THE THEORY OF ADMINISTRATION.

$ 62. Introduction.

63. Centralized Administration.
64. Interdependence.
65. Superior.
66. Inferior.
67. Decentralized Administration.
68. Independence.
69. Lower.
70. Higher.
71. Conclusion.

$ 62. Introduction.

There are two systems of administration : first, centralized administration, and second, decentralized administration. In centralized administration there is central direction; in decentralized administration there is no central direction; while in centralized administration there is one head, in decentralized administration there are various heads. Indeed, in centralized administration all the functions of administration are conceived of as in the head of the administration and everything is held to be done under his direction; so that in a centralized system every officer is inferior to some officer and superior to some other officer in turn. Whereas, in a decentralized administration the conception is that each officer has his own functions vested in him, and that in consequence everything is held to be done of his own motion. It results that in a decentralized system all officers are equal and in the exercise of their functions each is independent. Interdependence is the theory of centralism, on the other hand.

This statement is too much of an abstraction, perhaps, to meet actual conditions in government. No administration exists which is complete in its centralism, still less is any administration known which is absolute in its decentralism. It is plain that no administration could act which was so integrated that there was no discretion in any of its members; it is equally clear that no administration could act which was so disintegrated that every officer had unregulated discretion. In the actual business of government, order carried to the extreme of rigidity and disorder carried to the extreme of confusion would alike stop administration. There must not therefore be too much insistence upon logic in the use of either theory; either system has good effect when qualified to a certain extent by the employment of the other. Therefore, the effort should be to discover in a particular governmental unit what form of administration is best adapted, and to make that the principal form. In the working out of that system, however, much use should be made of the alternative form to fill in the detail. As in most theories of government the best results often will be obtained by a compromise position.

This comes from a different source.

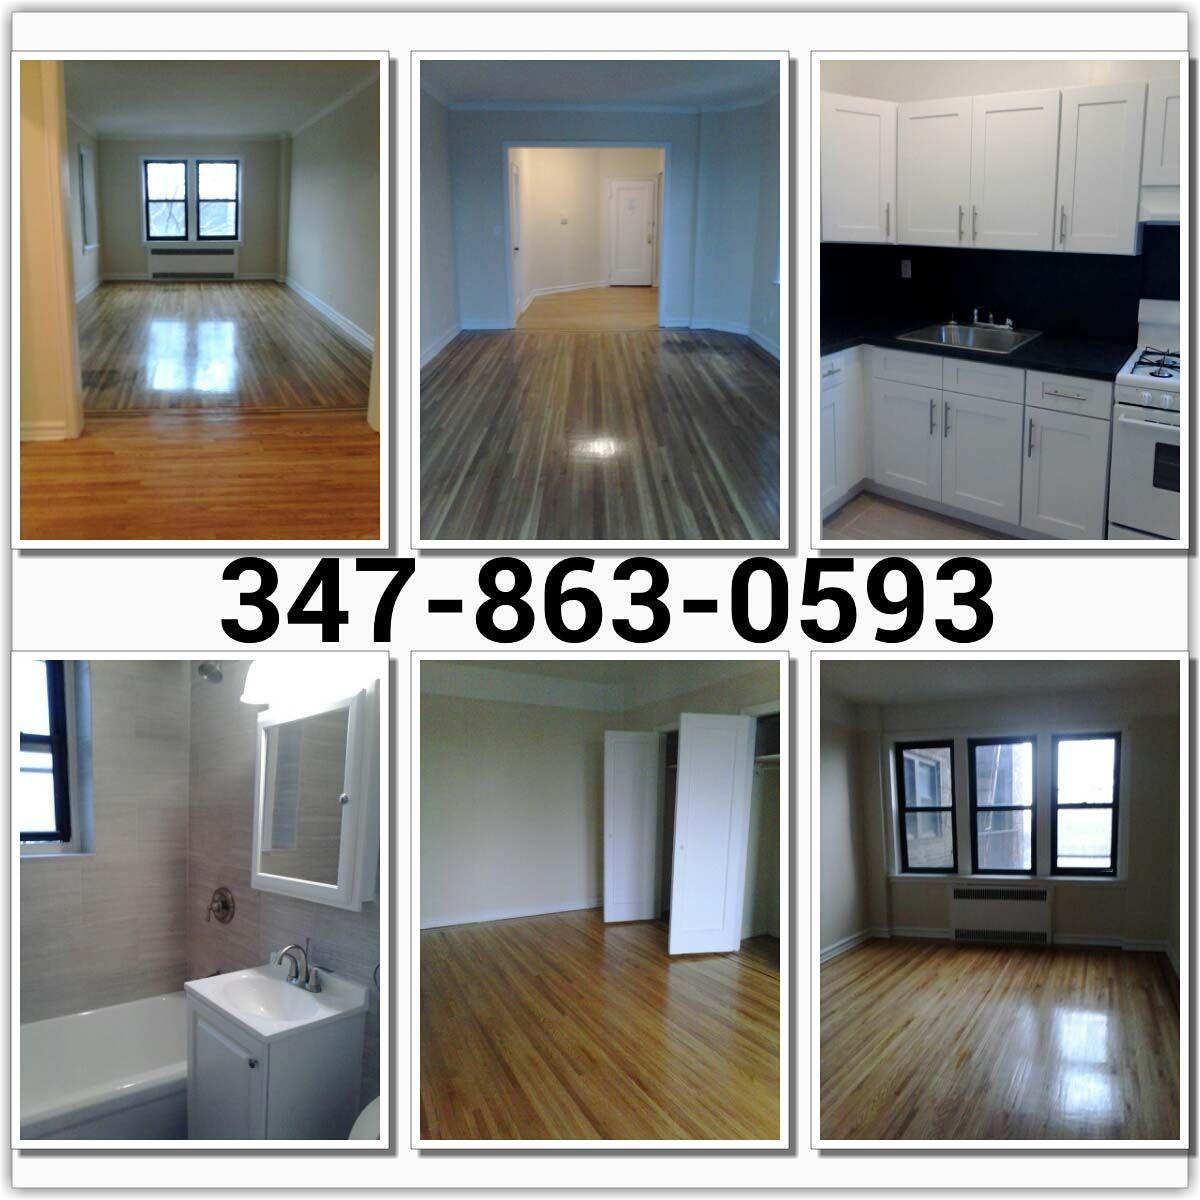 1700 1 bedroom apartment in jackson heights, queens nyc

Examples of the two divergent principal types of administration may be found in the United States in two positions of equal prominence in the government; since the Federal government has centralized administration, and the state governments have decentralized administration. Examples, too, of the qualification of one type used as principal, and the other type used as auxiliary, may be found in all governments of the United States. In the Federal administration, that is true,—the administration is centralized with the President as the head; and yet throughout various functions its officers have discretion. In the state administrations, that is true, also,—the administration is decentralized, the Governor has certain functions, so has each head of each department, so that the Governor is not the head, but there are these various heads; and yet throughout, within the various departments themselves, there is centralized organization. With this preface the attempt in this chapter will be to show the processes of administration in the centralized Federal administration, and by contrast in the decentralized state administrations; and at the same time to expose the decentralism in the one and the centralism in the other.

$ 63. Centralized administration.

It has been pointed out in the introductory paragraph that in a centralized administration the conception is that all powers of administration have been vested in the head of the executive department and that all officers act under his direction. At the outset it must be admitted that the President could not perform in person all this function. Neither could any head of department perform in person all that the President intrusts to him of the business of execution. Centralized administration must of necessity be a matter of devolution of powers of superior upon inferior. The legal question involved in this preliminary inquiry is how far powers which have been vested in a superior may be delegated to an inferior. One recognizes that this is a fundamental question, that the discussion of centralized administration cannot proceed until this is determined.

This was the issue in Runkle v. United States, 122 U. S. 543 (1887). In a suit brought in the Court of Claims by Major Runkle for back pay, the decision turned upon this: whether he had been dismissed from the army by due sentence of court martial, which was the defense of the United States. The conviction, findings, and sentence of the court martial were offered in proof; thereupon the objection was made that no action by the President confirming the sentence had been shown, as was required by the 65th Article of War; after which it was shown that the Secretary of War had approved the findings.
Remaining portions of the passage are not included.